I grab my phone from the nightstand and start a new text.
I’m sorry for what happened earlier. It was wrong for me to take advantage of you like that.
I send it off and wait for her to reply. If she even will. She’s probably angry with me and confused.
You didn’t take advantage of me. We’re both adults, Silas. I could’ve turned my head or pushed you away.
Still, I should know better.
Forget about it. I have.
Ouch. I guess I asked for that, but it still hurts.
It won’t happen again. But if you want a new trainer, I’ll understand. I can help you find someone else.
Please say no. I may not be able to kiss her or do all the things I wish I could but I don’t want contact between us to be completely cut off.
I don’t want a new trainer. Can we just pretend today didn’t happen?
What she’s asking is impossible, but I’m not going to tell her that. I’ll say whatever I need to in order to continue spending time with her for as long as I can.
Yes. I’ll see you in a couple of days.
Sounds good.
Goodnight.
Night.
I drop my phone on the nightstand and fold my arms behind my head. She’s pissed at me, and I don’t blame her. If I hadn’t kissed her, everything would be fine. I’d be asleep now and not lying here with a ball of knots in my stomach. But despite all of that, I can’t bring myself to regret kissing her.

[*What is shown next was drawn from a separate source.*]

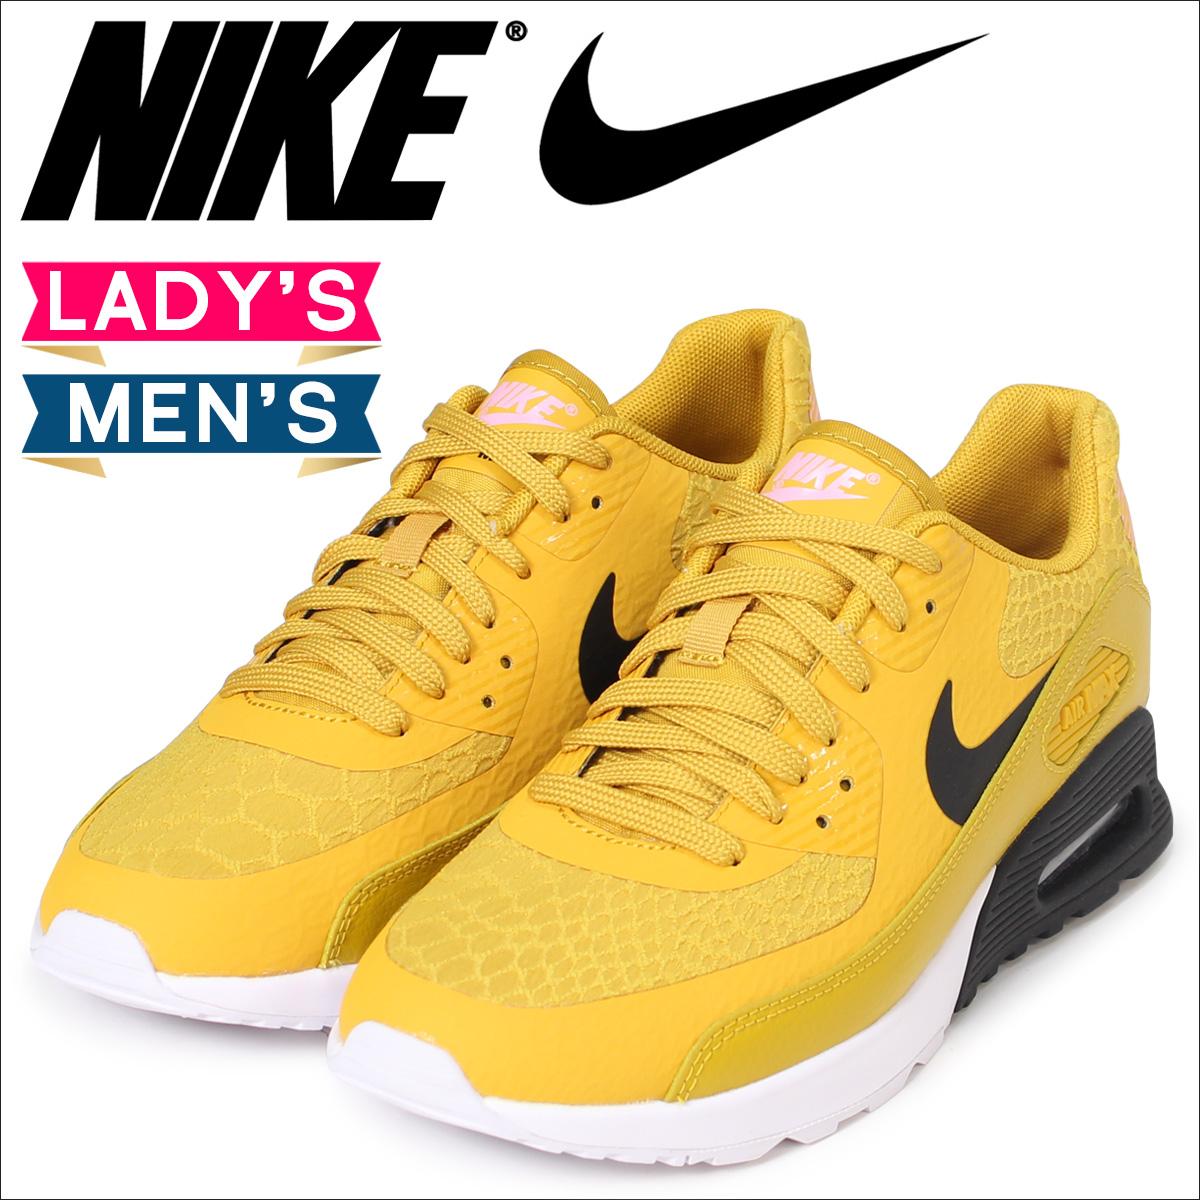 Nike shopping online usa

In those handful of seconds I felt more alive than I have in the past three years, and there’s a part of me that would do almost anything to experience that again.
But maybe Gavin was onto something when he said it could be a fluke. I could be working this all up in my head, spinning it into some momentous thing when it’s not at all. Since my accident, I’ve been so busy building the gym, I haven’t had time for romance at all. I haven’t even had a one-night stand or a hookup with someone I know. Maybe my reaction had more to do with it being so long since I kissed a woman and less to do with who I kissed.
At least that’s what I’m telling myself.